URL: http://svn.apache.org/r1649899
Log:
HIVE-9246 - Remove tabs from spark code [Spark Branch] (Brock reviewed by Xuefu)

Modified:
    hive/branches/spark/ql/src/java/org/apache/hadoop/hive/ql/exec/spark/SparkReduceRecordHandler.java
    hive/branches/spark/ql/src/java/org/apache/hadoop/hive/ql/optimizer/physical/Vectorizer.java

Modified: hive/branches/spark/ql/src/java/org/apache/hadoop/hive/ql/exec/spark/SparkReduceRecordHandler.java
URL: http://svn.apache.org/viewvc/hive/branches/spark/ql/src/java/org/apache/hadoop/hive/ql/exec/spark/SparkReduceRecordHandler.java?rev=1649899&r1=1649898&r2=1649899&view=diff
==============================================================================
--- hive/branches/spark/ql/src/java/org/apache/hadoop/hive/ql/exec/spark/SparkReduceRecordHandler.java (original)

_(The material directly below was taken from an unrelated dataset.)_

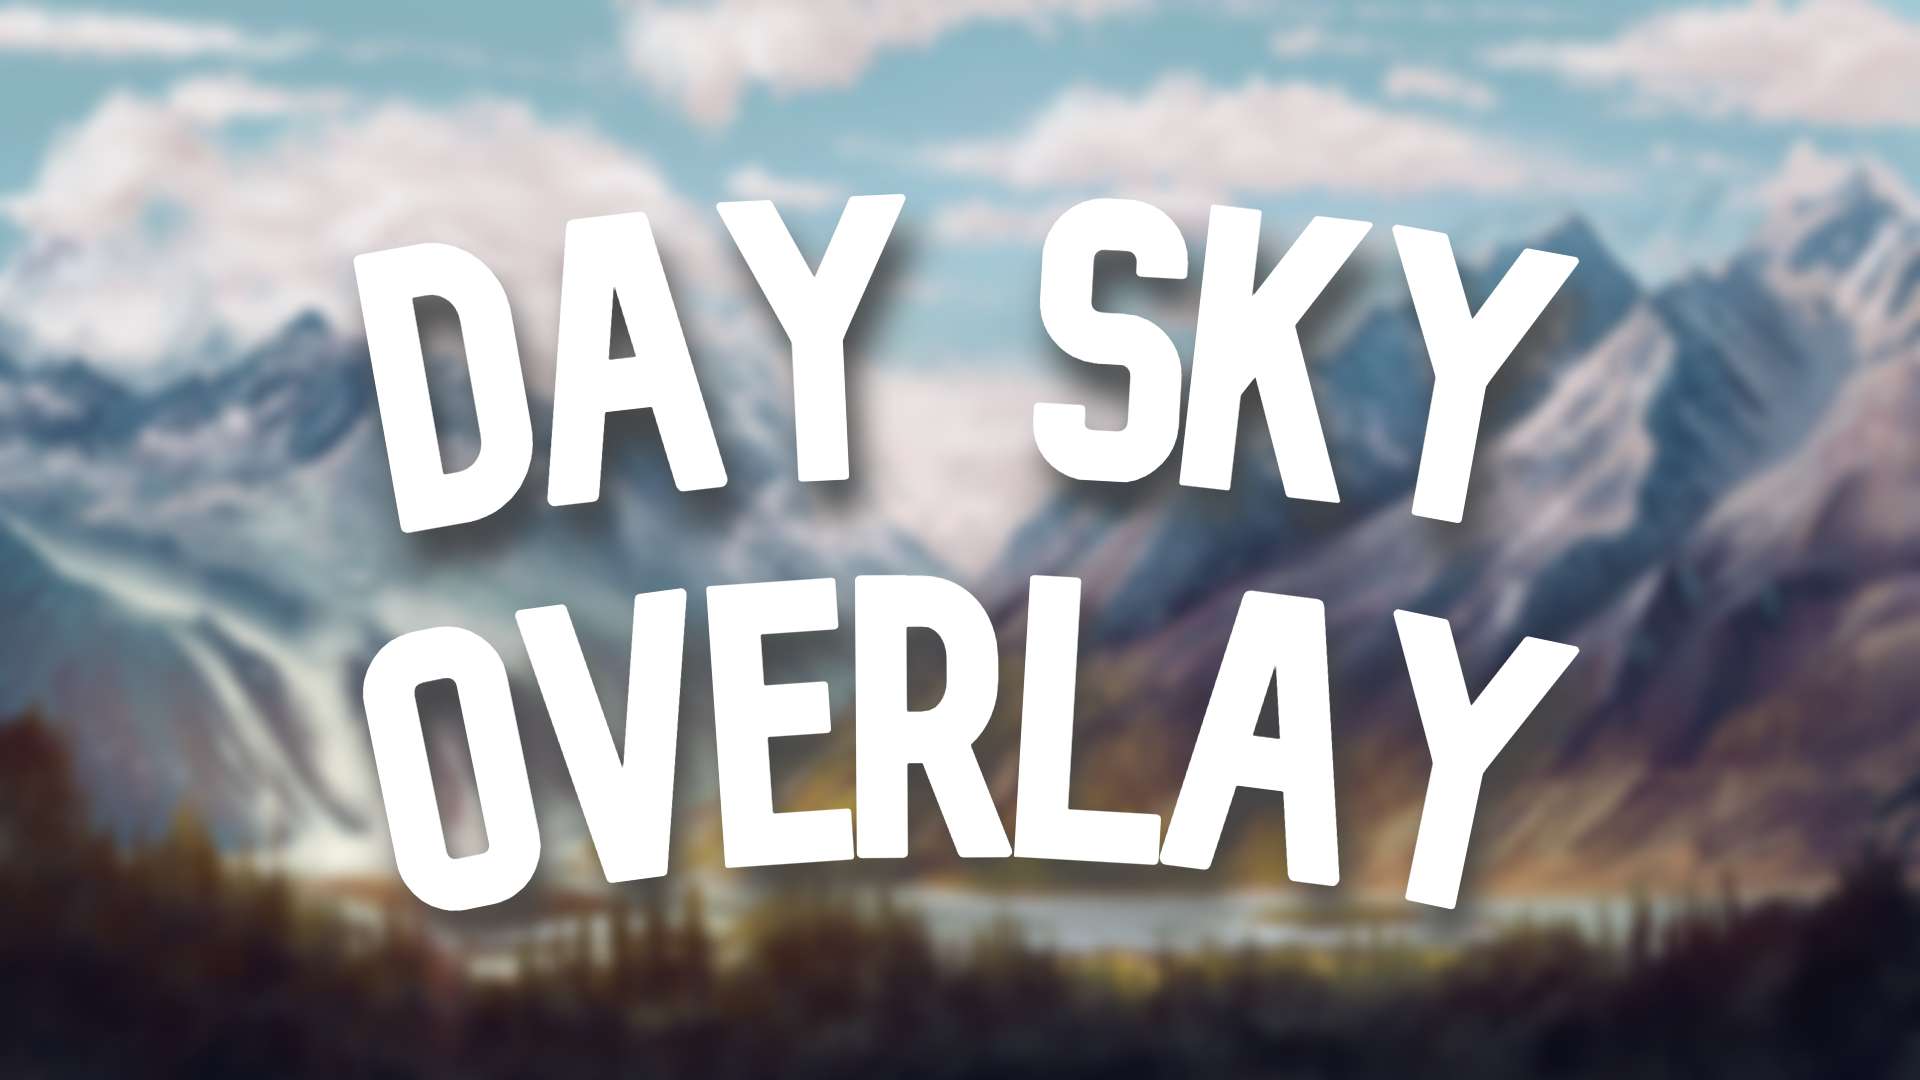 Day Sky Overlay #11 16x by rh56 on PvPRP

+++ hive/branches/spark/ql/src/java/org/apache/hadoop/hive/ql/exec/spark/SparkReduceRecordHandler.java Tue Jan  6 18:45:10 2015
@@ -136,65 +136,65 @@ public class SparkReduceRecordHandler ex
       valueTableDesc = new TableDesc[gWork.getTagToValueDesc().size()];
 
       if (vectorized) {
-	final int maxTags = gWork.getTagToValueDesc().size();
-	keyStructInspector = (StructObjectInspector) keyObjectInspector;
-	batches = new VectorizedRowBatch[maxTags];
-	valueStructInspectors = new StructObjectInspector[maxTags];
-	valueStringWriters = (List<VectorExpressionWriter>[]) new List[maxTags];
-	keysColumnOffset = keyStructInspector.getAllStructFieldRefs().size();
-	buffer = new DataOutputBuffer();
+        final int maxTags = gWork.getTagToValueDesc().size();
+        keyStructInspector = (StructObjectInspector) keyObjectInspector;
+        batches = new VectorizedRowBatch[maxTags];
+        valueStructInspectors = new StructObjectInspector[maxTags];
+        valueStringWriters = (List<VectorExpressionWriter>[]) new List[maxTags];
+        keysColumnOffset = keyStructInspector.getAllStructFieldRefs().size();
+        buffer = new DataOutputBuffer();
       }
 
       for (int tag = 0; tag < gWork.getTagToValueDesc().size(); tag++) {
-	// We should initialize the SerDe with the TypeInfo when available.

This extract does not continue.